11.1.1 - The Sign Test

Suppose we are interested in testing the population median. The hypotheses are similar to those we have seen before but use the median, \(\eta\), instead of the mean.

If the hypotheses are based on the median, they would look like the following:

Null

\(H_0\colon\eta=\eta_0\)

Alternative

\(H_a\colon\eta>\eta_0\)

\(H_a\colon\eta<\eta_0\)

\(H_a\colon\eta\ne\eta_0\)

For the IRS example, the null and alternative are:

\(H_0\colon \eta=160\) vs \(H_a\colon \eta >160\)

Consider the test statistic, \(S^+\), where

\(S^+=\text{the number of observations greater than 160}\)

Under the null hypothesis, \(S^+\), should be about 50% of the observations. Therefore, \(S^+\) should have a binomial distribution with parameters \(n\) and \(p=0.5\). Let’s review and verify that it is a Binomial random variable.

The number of trials, \(n\), is fixed and known. Here the number of trials equals the number of observations. Therefore, in this case, \(n\) is fixed and known.
The outcomes of each trial can be categorized as either a "success" or a "failure", with the probability of success being \(p\). Observations can either be above the median (a "success") or below the median (a "failure") with the probability of being above the median being \(p=½\).
The probability of "success" remains constant from trial to trial. The probability of being above the median remains the same for each observation.
The trials are independent. Each of the observations is independent of the next, so we are okay here.

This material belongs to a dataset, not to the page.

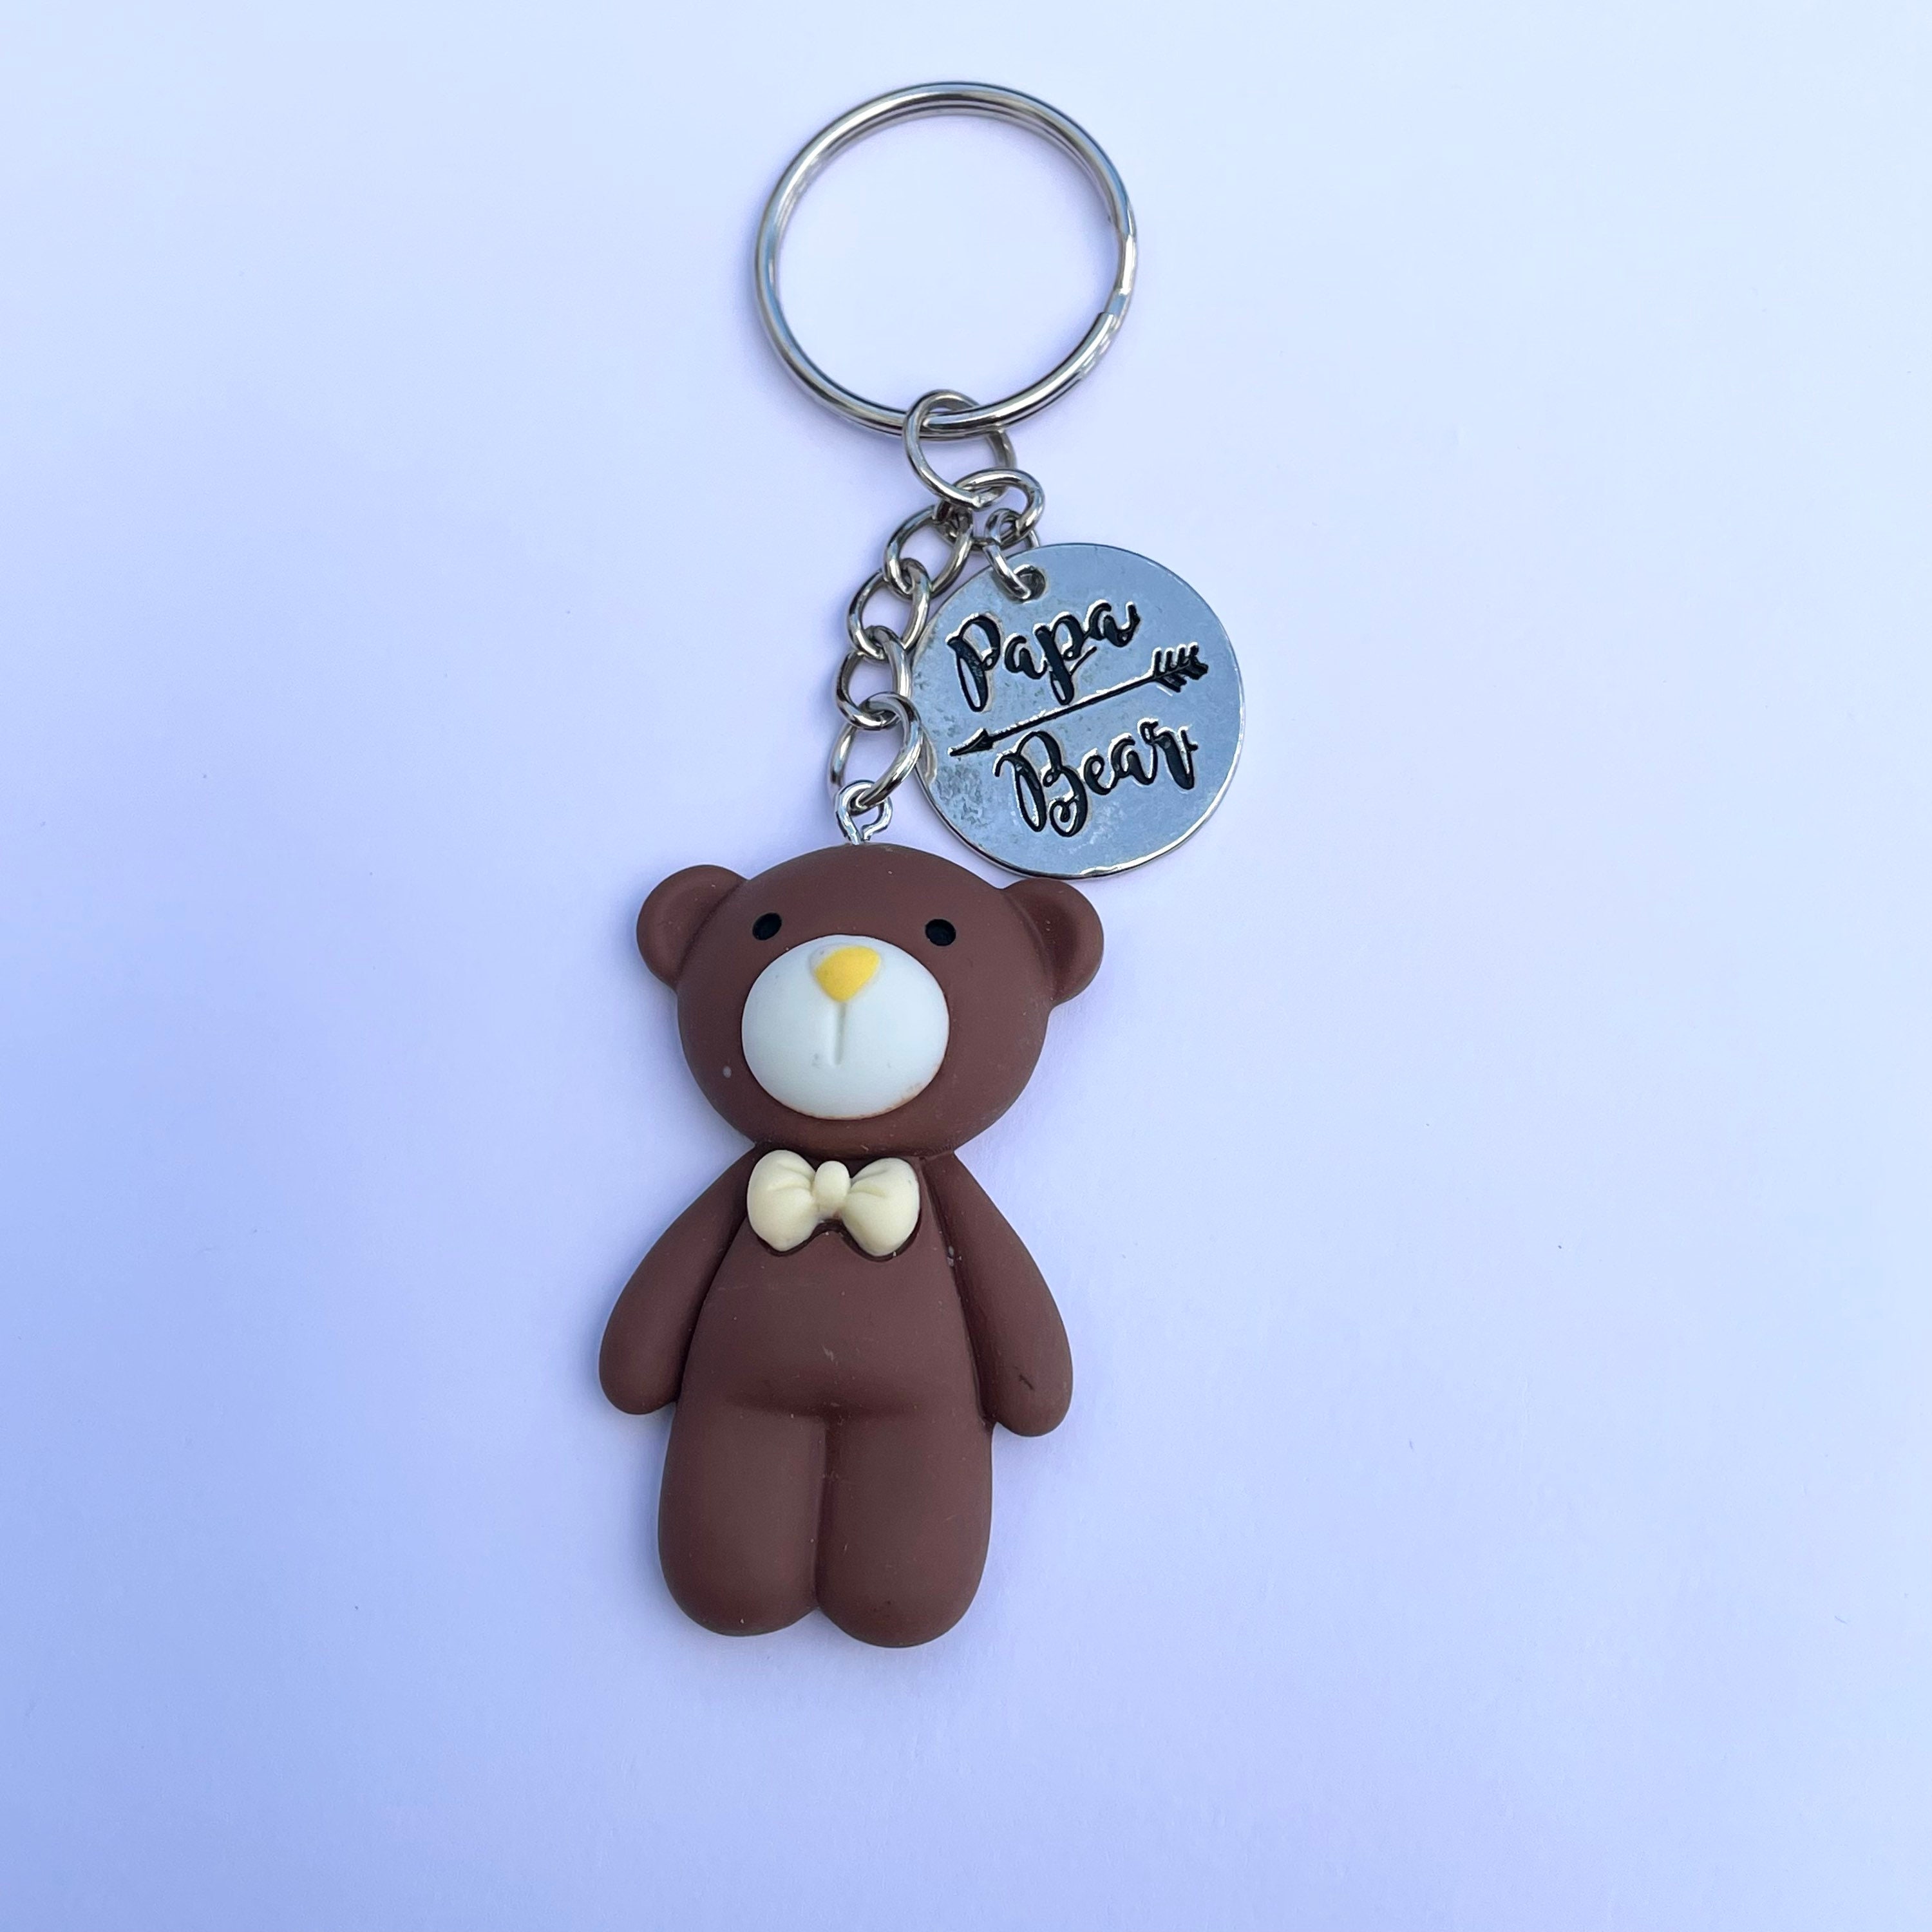 Miss A Glitter Teddy Bear Keychain Grey

Now, back to our problem. To make a conclusion, we need to find the p-value. It is the probability of seeing what we see or something more extreme given the null hypothesis is true.

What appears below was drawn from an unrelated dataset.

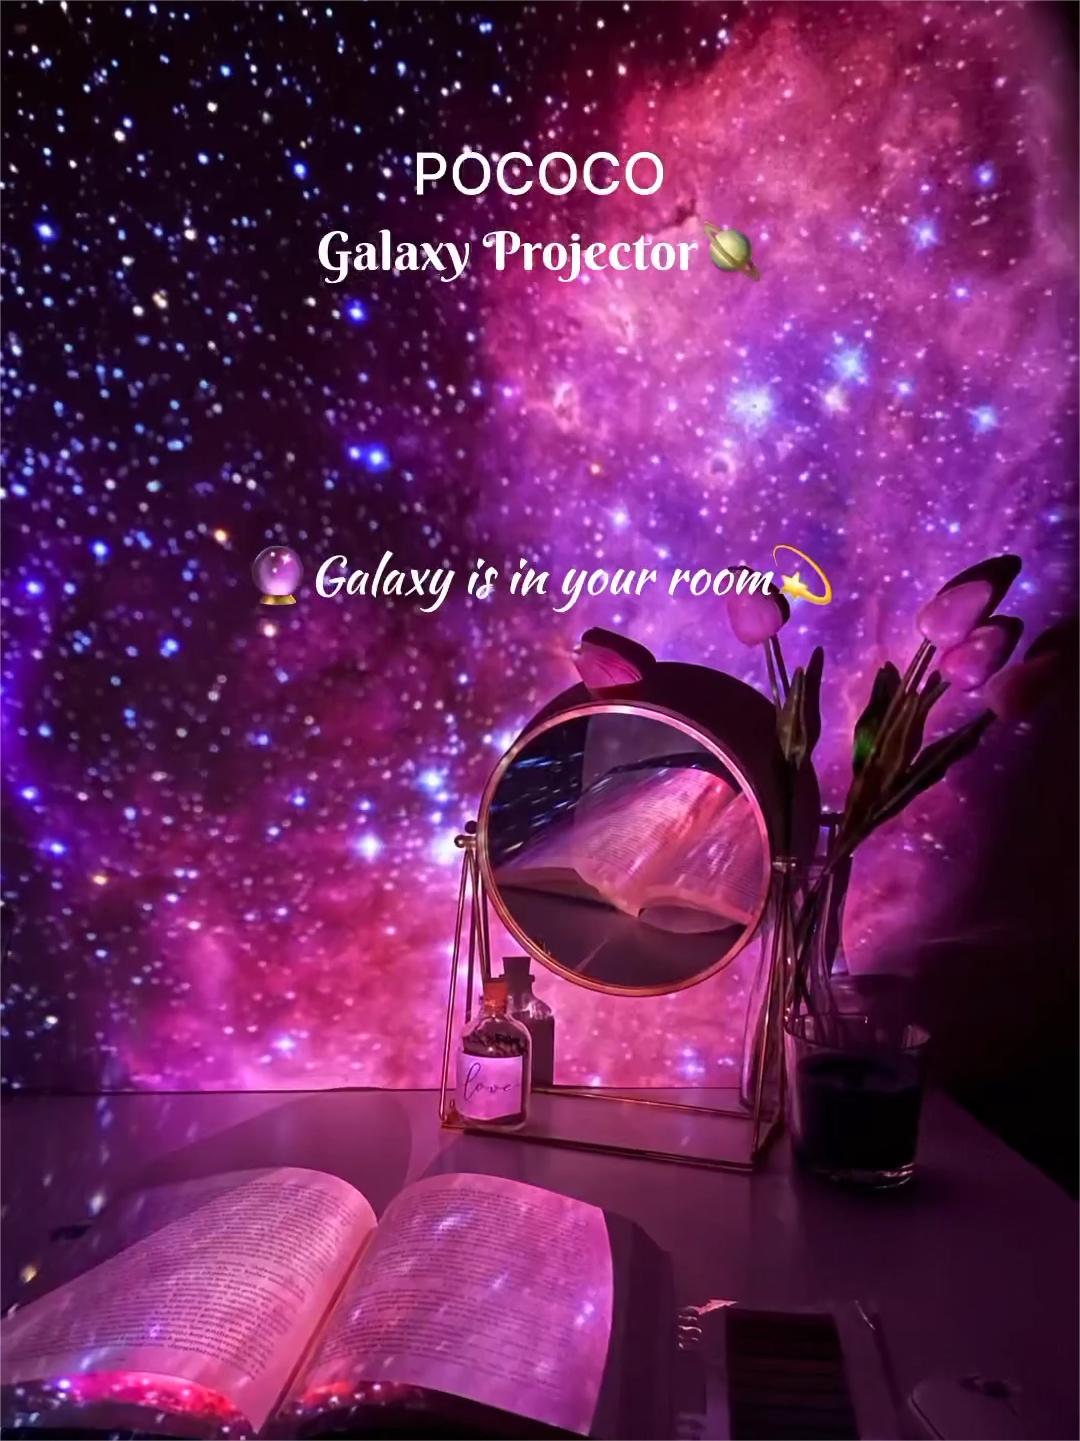 POCOCO Galaxy Projector in your room

In the IRS example, let’s find \(S^+\), or in other words, let's find the number of observations that fall above 160. We find \(S^+=15\).

Using the Binomial distribution function, we can find the p-value as \(P(S^+\ge 15)\):

\begin{align} P(X\ge15)&=\sum_{i=15}^{30} {30\choose i}(0.5)^{30-i}(0.5)^i\\&=\sum_{i=15}^{30} {30\choose i} (0.5)^{30}\\&\approx 0.5722322 \end{align}

If we assume the significance level is 5%, then the p-value\(>0.05\). We would fail to reject the null hypothesis and conclude that there is no evidence in the data to suggest that the median is above 160 minutes.

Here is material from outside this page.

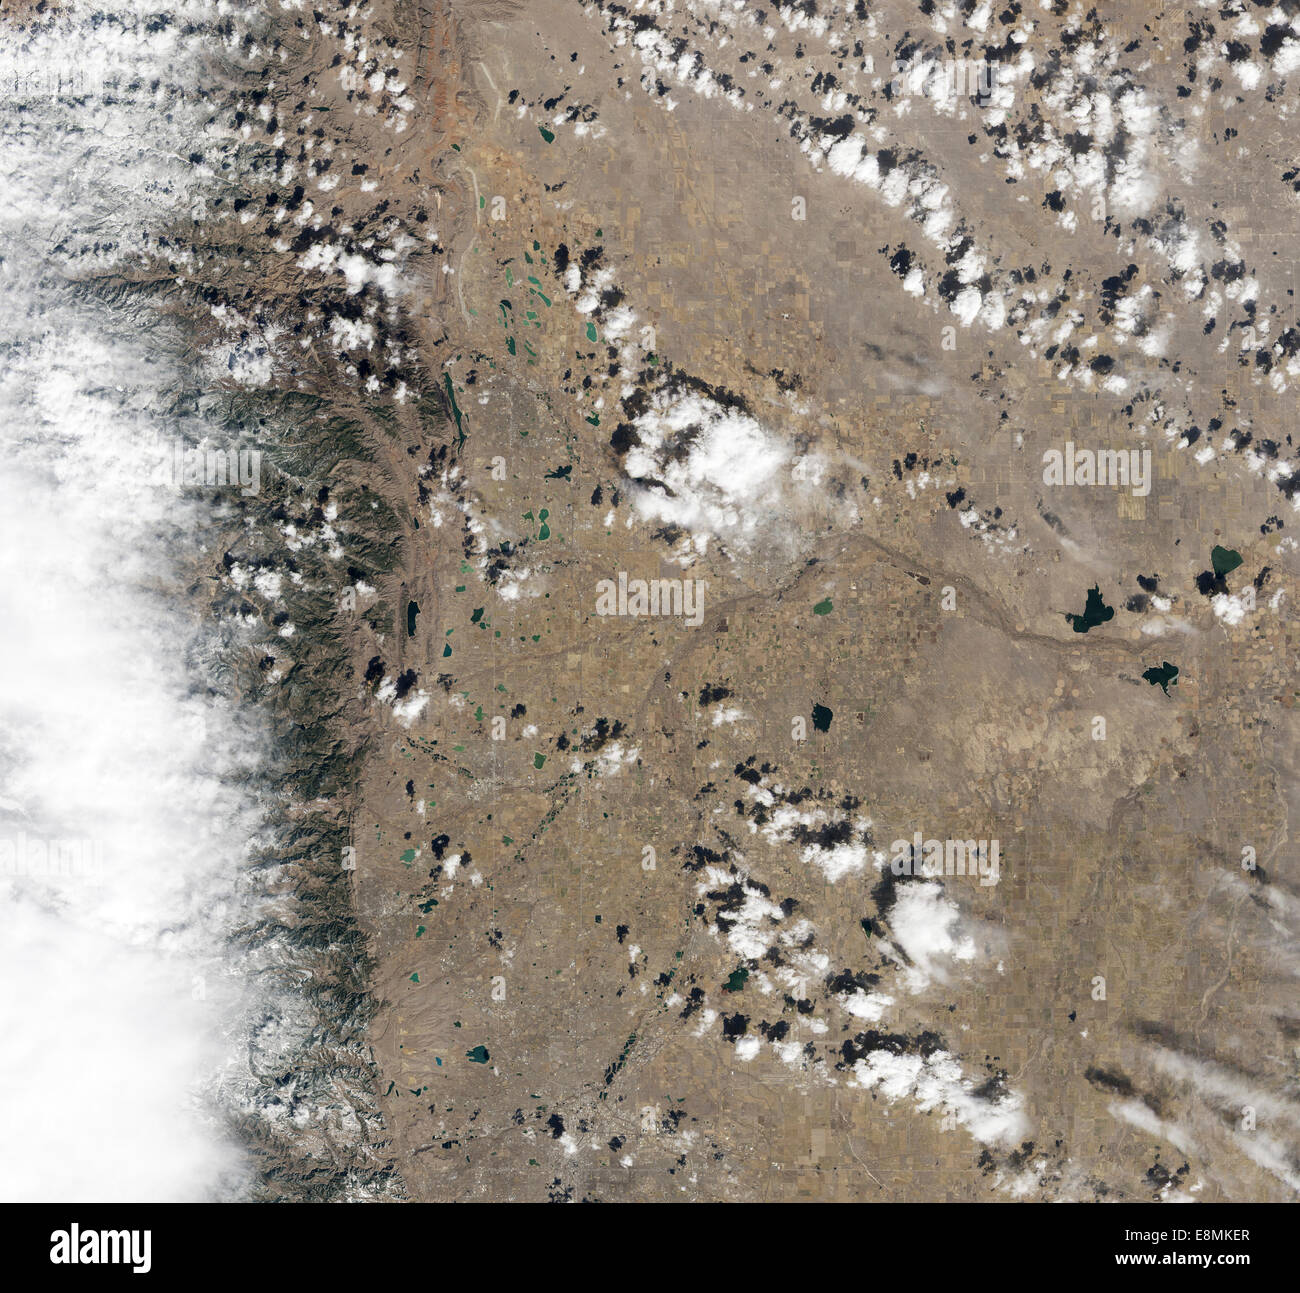 18 mars 2013 - vue Satellite de Fort Collins, Colorado. La ville est une grille grise entouré par les routes sinueuses et brown yar Banque D'Images

This test is called the Sign Test and \(S^+\) is called the sign statistic. The Sign Test is also known as the Binomial Test.

Let's recap what we found. The research question was to see if it took longer than 160 minutes to complete the 1040 form. The measurement was the time in minutes to complete the form. Here is a summary:

Assumption	Test Statistic	p-value	Conclusion
Data are Normally distributed	t statistic (\(t^*)\)	0.04991	Reject \(H_0\)
Quantitative Data	Sign statistic \((S^+)\)	0.572	Fail to reject \(H_0\)

Here, we have two opposite conclusions from each of the tests. Given the shape of the data, which do you think is the valid conclusion?

Minitab^®

Minitab Sign Test Section

We can use Minitab to conduct the Sign test.

Click Stat > Nonparametrics > 1-Sample sign
Enter your 'variable', 'significance level', and adjust for the alternative.
Click OK .

Example 11-2: Tax Forms (Sign Test) Section

Conduct the test for the median time for filling out the tax forms using the Sign Test in Minitab. Download the dataset: [irs.txt]

Answer

Conducting the test in Minitab yields the following output.

1-Sample Sign Test

Method

\(\eta\): median of time

Descriptive Statistics

N	Median
30	164

95% Lower bound for \(\eta\)

Lower Bound for \(\eta\)	Achieved Confidence	Position
120.000	89.98%	12
116.085	95.00%	Interpolation
116.000	95.06%	11

Test

Null hypothesis

Alternative hypothesis

H_o: \(\eta\) = 160

H₁: \(\eta\) > 160

Number < 160	Number = 160	Number > 160	P-Value
15	0	15	0.5722

You can see the p-value and \(S^+\), which is the number greater than 160.

As you can see in the Minitab output, you can also find a confidence interval for the population median based on the sign statistic. As you can imagine, finding the confidence interval by hand is a bit tricky. The interpretation of the confidence interval for the median has the same template interpretation as the confidence interval for the population mean.

We present the details of the Sign Test because it can be found based on the material we covered so far in the course. For the next section, we present another test and how to do it in Minitab but leave out the details.